It should be noted that MyoII may determine the stresses transmitted to the substrate not only by setting the level of cytoskeletal tension through its cross-linking and contraction functions but also by modulating the number and area of the cell substrate adhesions. Therefore, a more detailed dissection of the mechanical function of MyoII would require measuring jointly the cell traction forces and substrate attachment regions. Nevertheless, our pole force measurements (Table 1), which represent the integrated effect of the stresses in the front and back of the cell (Del Alamo et al., 2007), provide a quantification of the overall level of cytoskeletal contraction in the cell independent of the number and area of the adhesions.
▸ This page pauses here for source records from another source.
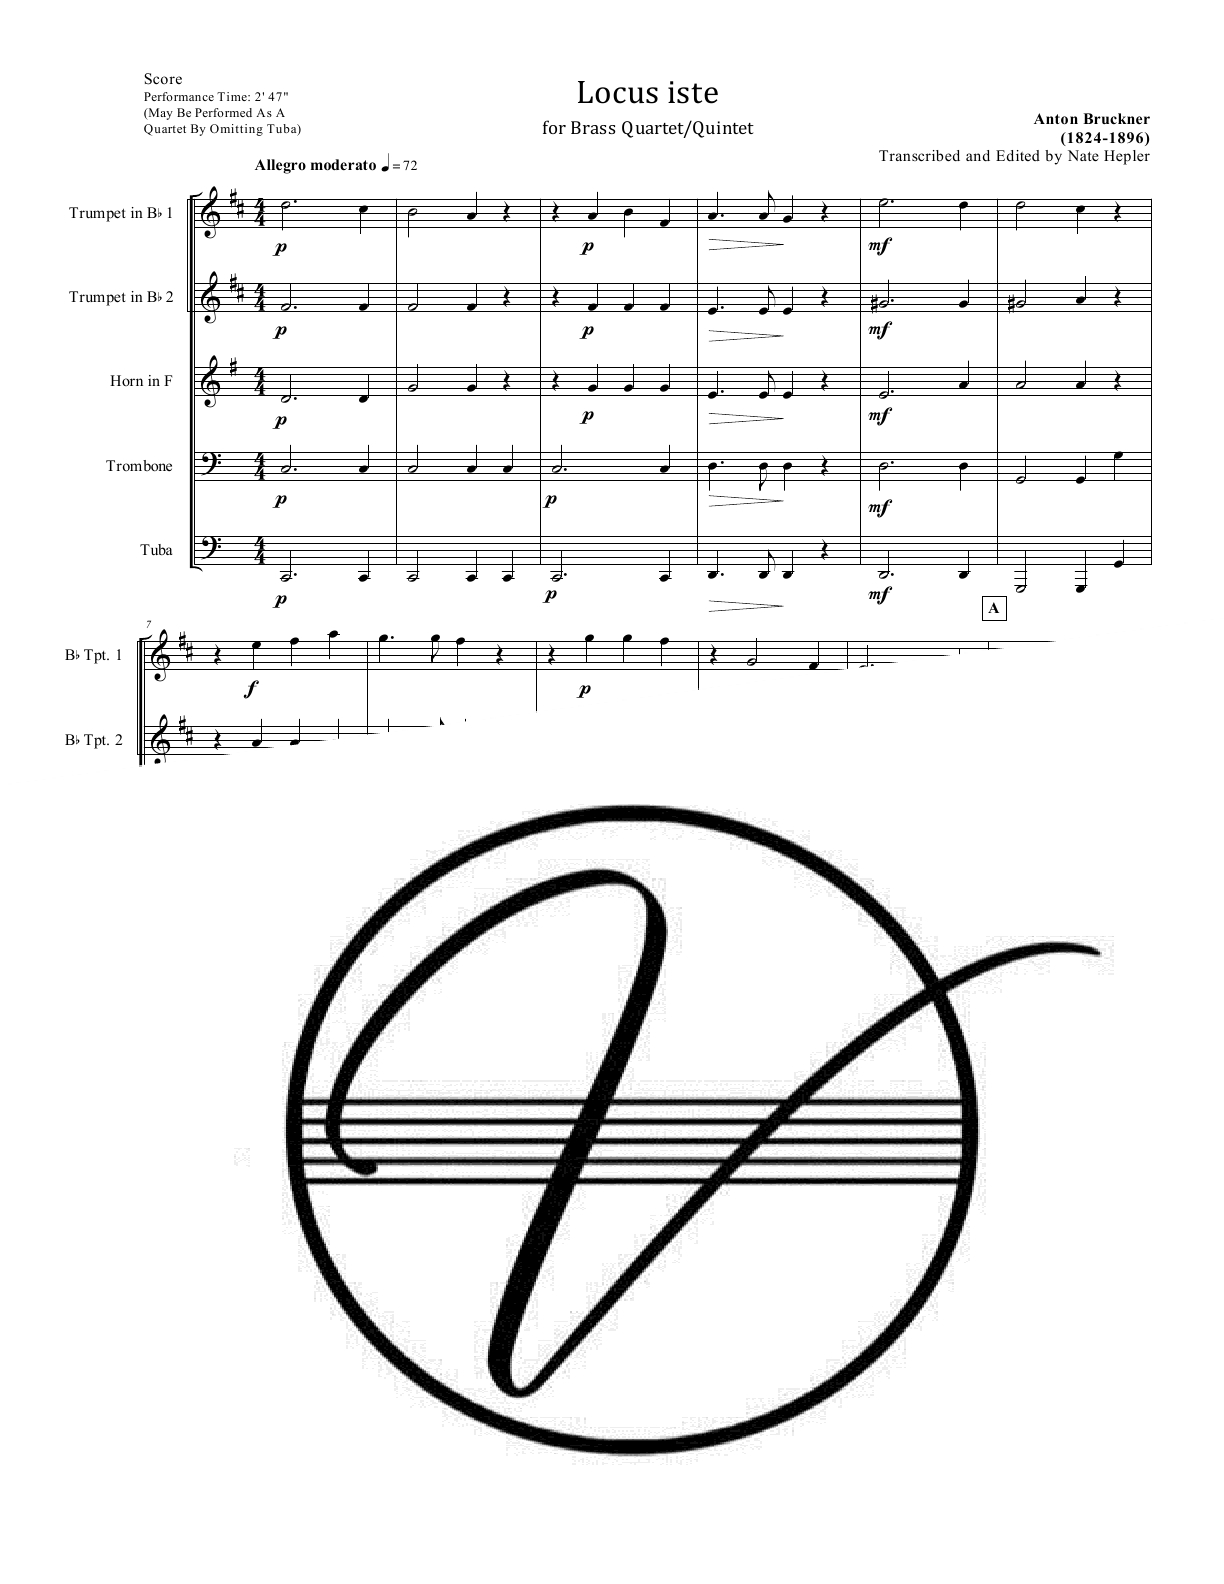 Bruckner - Locus iste (Motet) (Brass Quartet/Quintet)
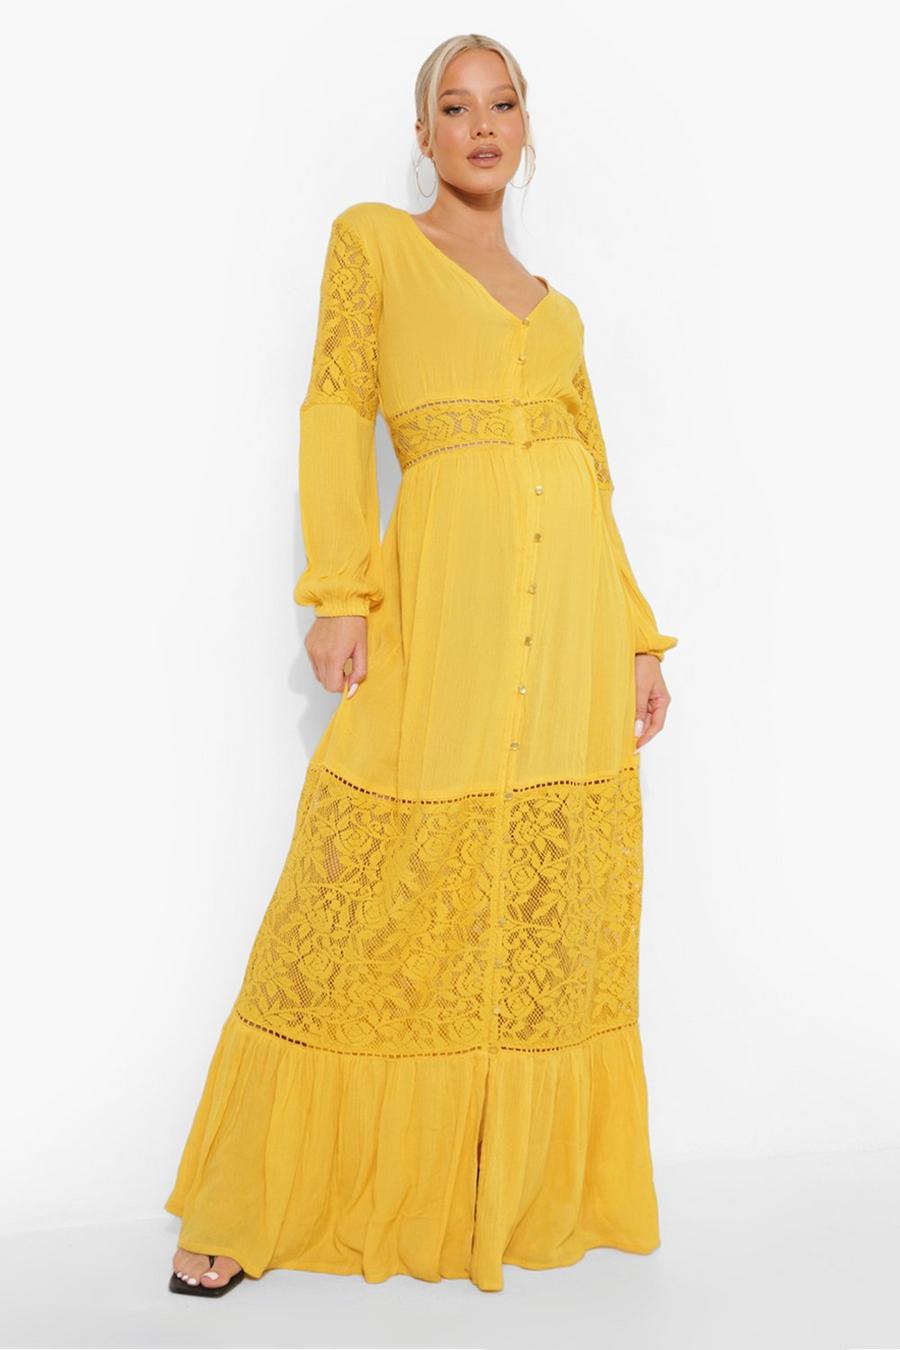 Ochre yellow Maternity Boho Lace Insert Maxi Dress
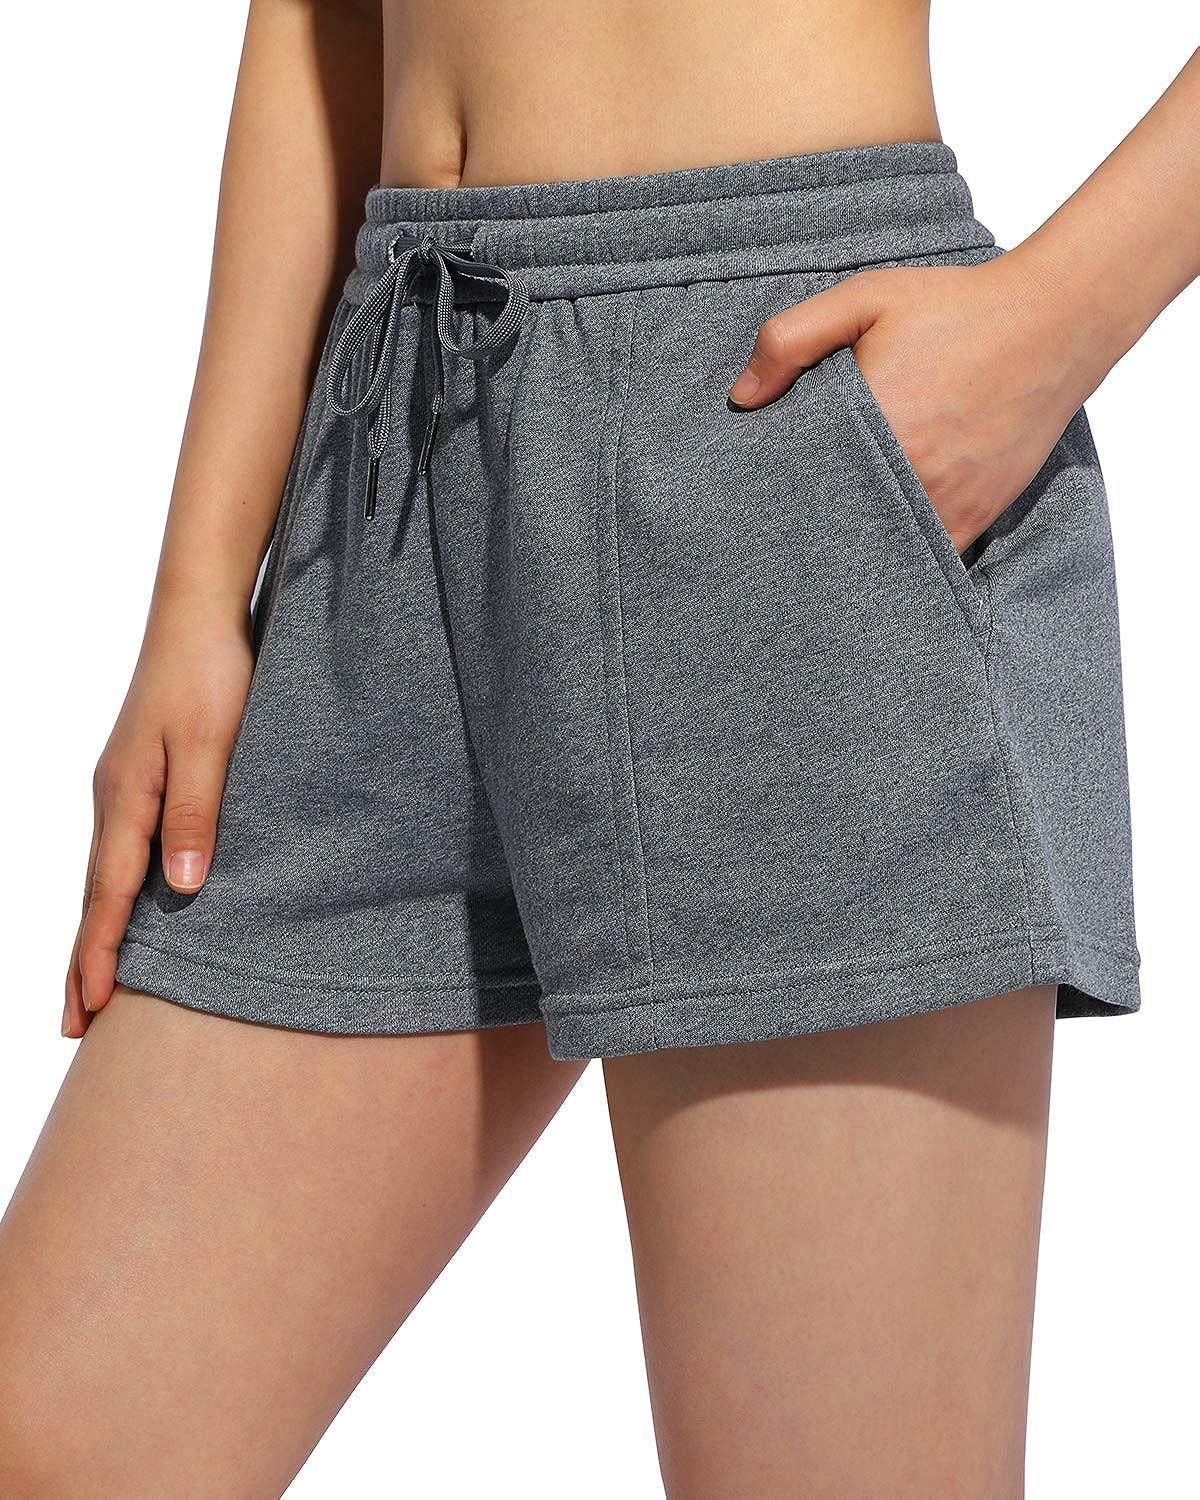 Promover Women's Athletic Shorts Cotton Lounge Shorts Elastic Waist Workout Running Sweat Shorts ... | Amazon (US)
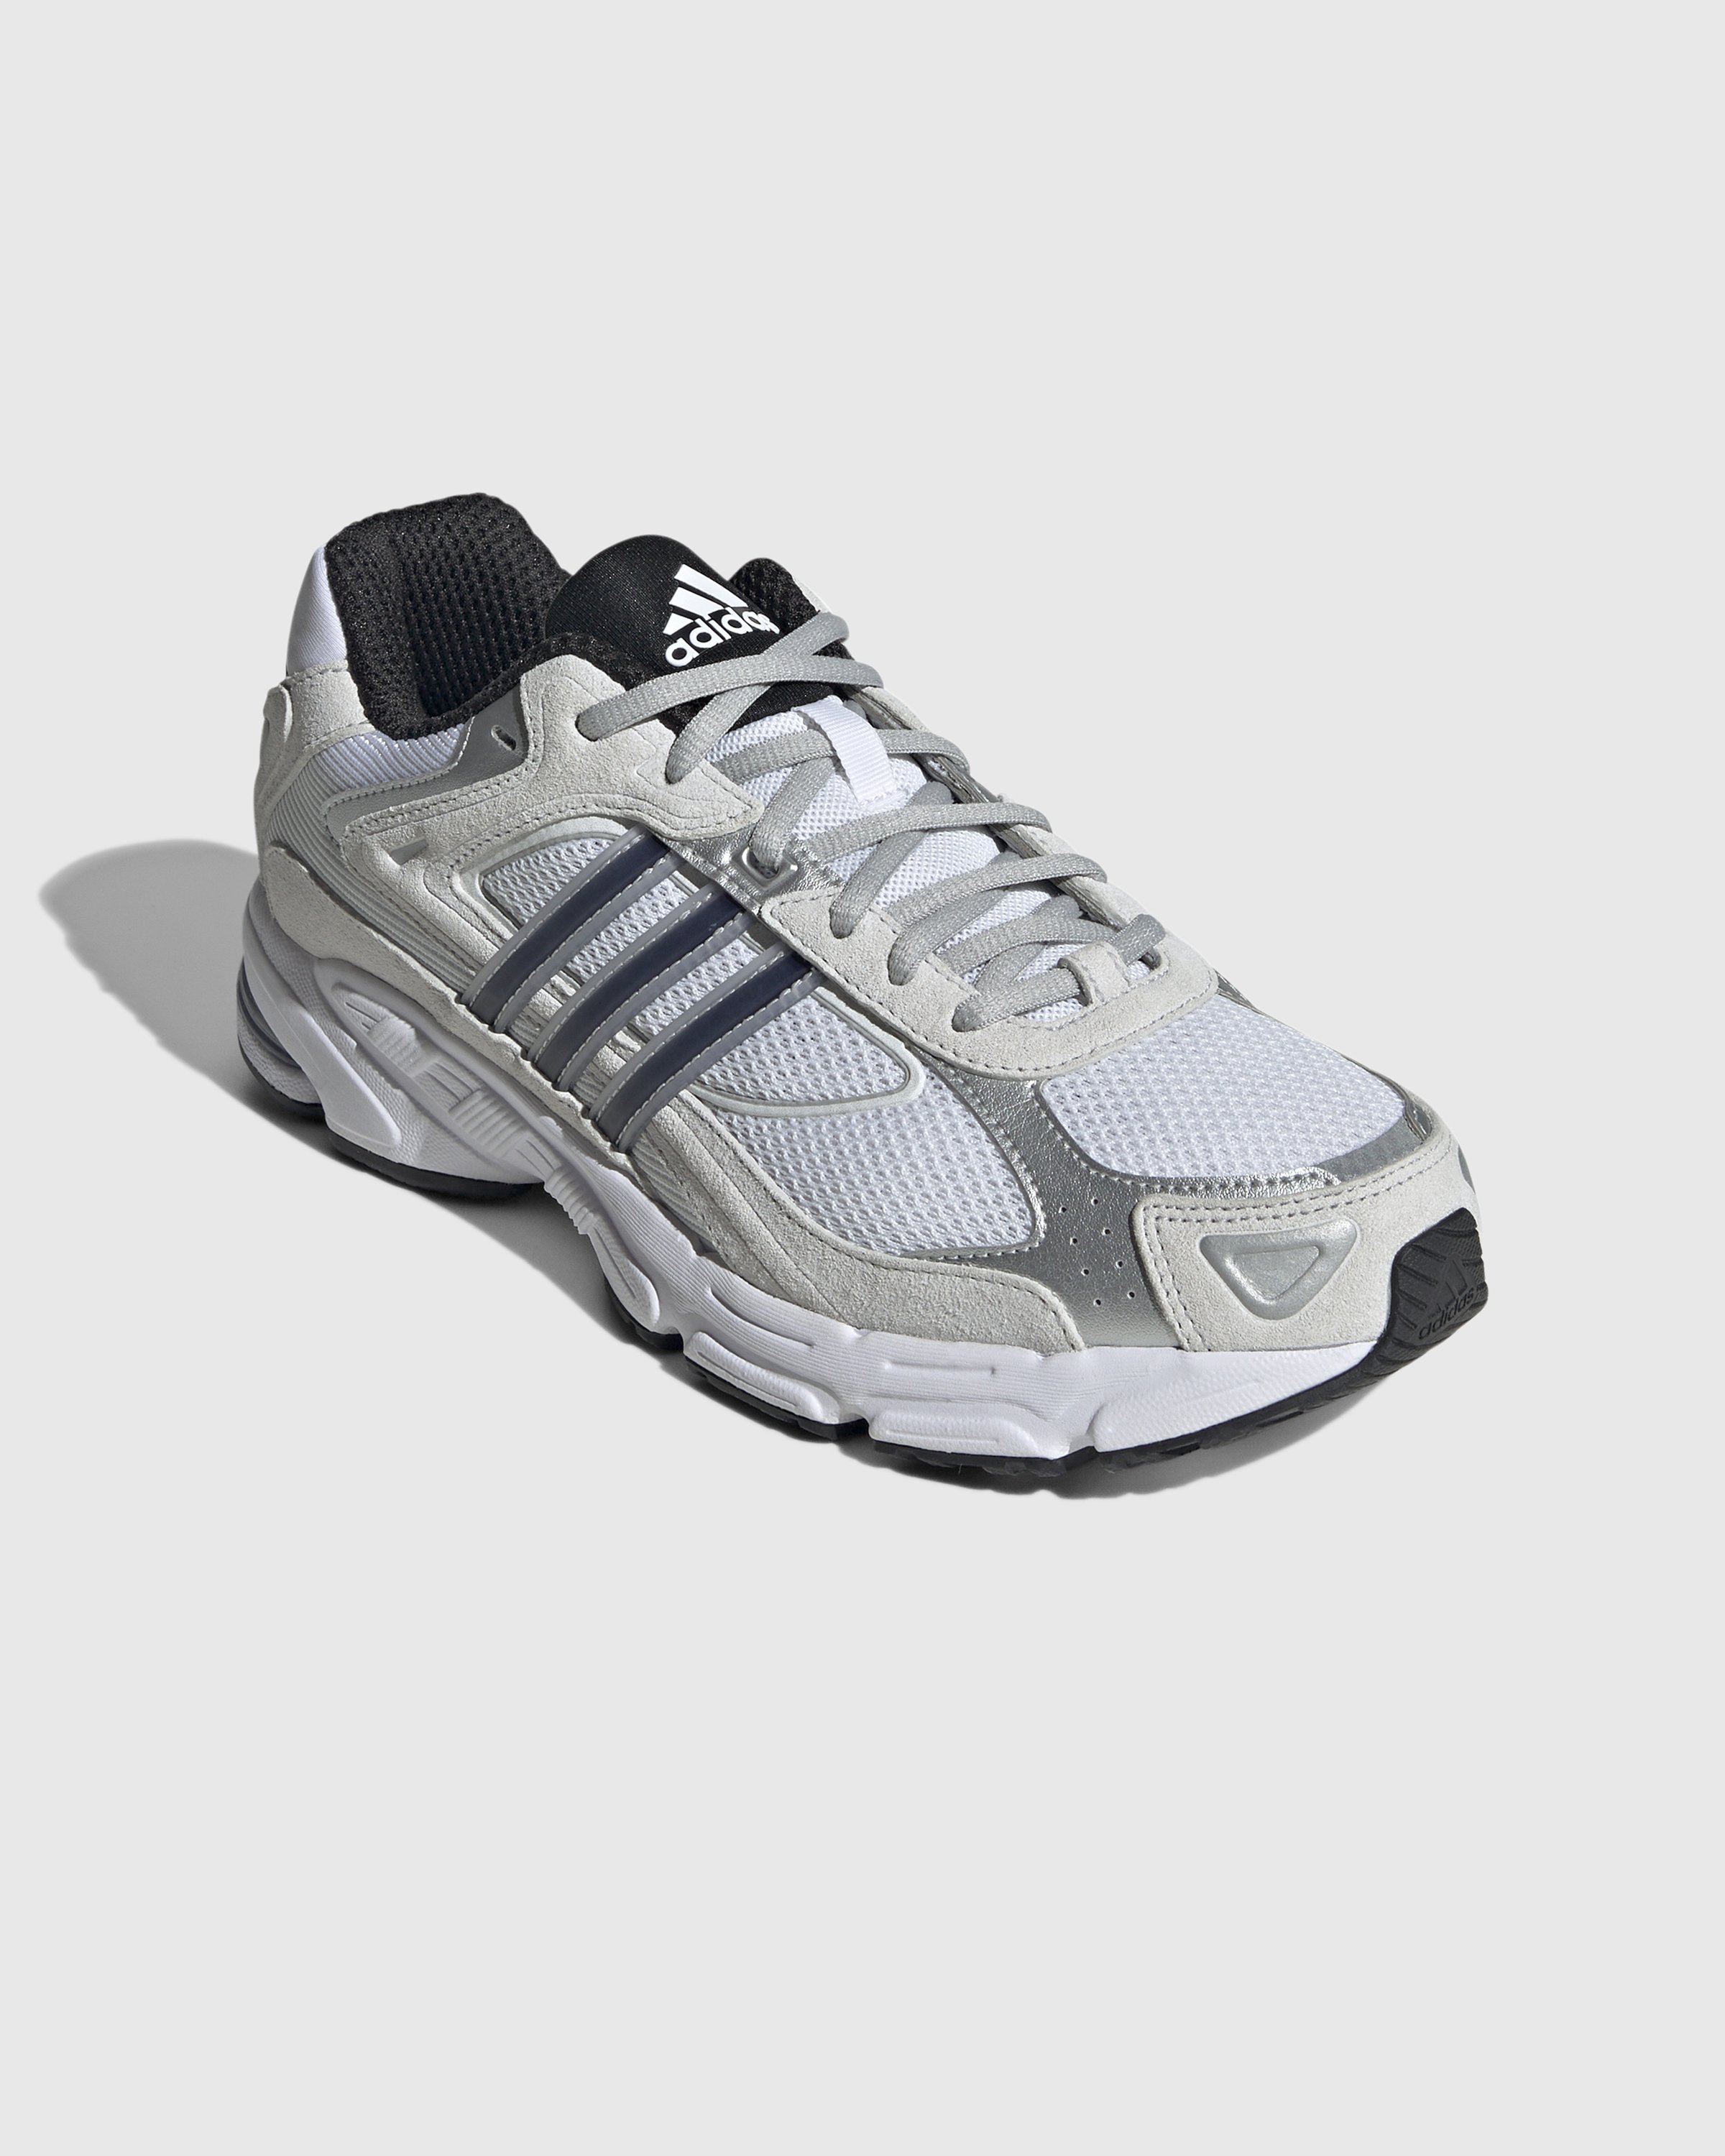 Adidas - Response CL White/Black - Footwear - White - Image 3

These pole force measurements show no significant differences between wild-type and mlcE− cells but are 27% lower in mhcA− cells, consistent with prior observations that the cortical resistance to compression is reduced by 32% in mhcA− cells (Pasternak et al., 1989), and supporting an important role of MyoII for cytoskeletal integrity through its F-actin cross-linking function. In contrast, these data indicate that roughly 70% of the magnitude of cellular stresses comes from molecules other than MyoII. For example, we know that other actin cross-linking proteins, including α-actinin, cortexillin, and gelation factor (ABP120), make a significant contribution to maintaining cytoskeletal integrity and cortical stiffness (Witke et al., 1992; Faix et al., 1996; Reichl et al., 2008). It is therefore reasonable to assume that in the mhcA− cells, where our measurements show that contractile forces are more uniformly distributed throughout the cortex, some of these cross-linkers are relocalized and possibly partially compensate for the lack of MyoII cross-linking function.
We gained further insight into the conserved motility cycle by decomposing our measurements of the movement of Dictyostelium cells into two distinct kinematical components: an inchworm-like motility component consisting only of protrusion and retraction and a shape-preserving component consisting only of continuous translocation. These events are not necessarily driven by different biochemical processes but are characterized by a different level of spatial and temporal coherence. We argue that the shape-preserving component is the result of continuous contributions from events occurring at a length scale much shorter than the cell length and at a time scale much shorter than the measured period of the motility cycle (T), possibly at the level of a single protein or molecular complex. Our MyoII mutant data suggest a direct involvement of continuous actomyosin contraction in this component and therefore indicate that MyoII makes an important contribution to cell speed during all phases of motility. Such a contribution may be related to its previously described role in frontal blebbing, which is sometimes observed in highly motile Dictyostelium cells (Langridge and Kay, 2006; Yoshida and Soldati, 2006) and other cell types (Charras, 2008). Interestingly, both the total migration speed and its inchworm-like and shape-preserving components are inversely proportional to the period of T. This dependence on the period of the cycle for the shape-preserving portion is unexpected and strongly suggests the existence of a coupling mechanism. The “inchworm” component presumably modulates the overall shape of the cell as well as other cellular properties like the global level of stress that drives the continuous, shape-preserving translocation of the cell. Recently, two components have also been found to play a role in leukocyte motility, but, rather than contributing to motility simultaneously, they have been described as a switch from deformation to gliding when MyoII activity is suppressed, or when substrate adhesiveness is increased (Jacobelli et al., 2009). Further work is needed to understand the exact relationship between our results and this observation, but the two findings suggest the existence of evolutionarily conserved mechanical aspects of amoeboid motility.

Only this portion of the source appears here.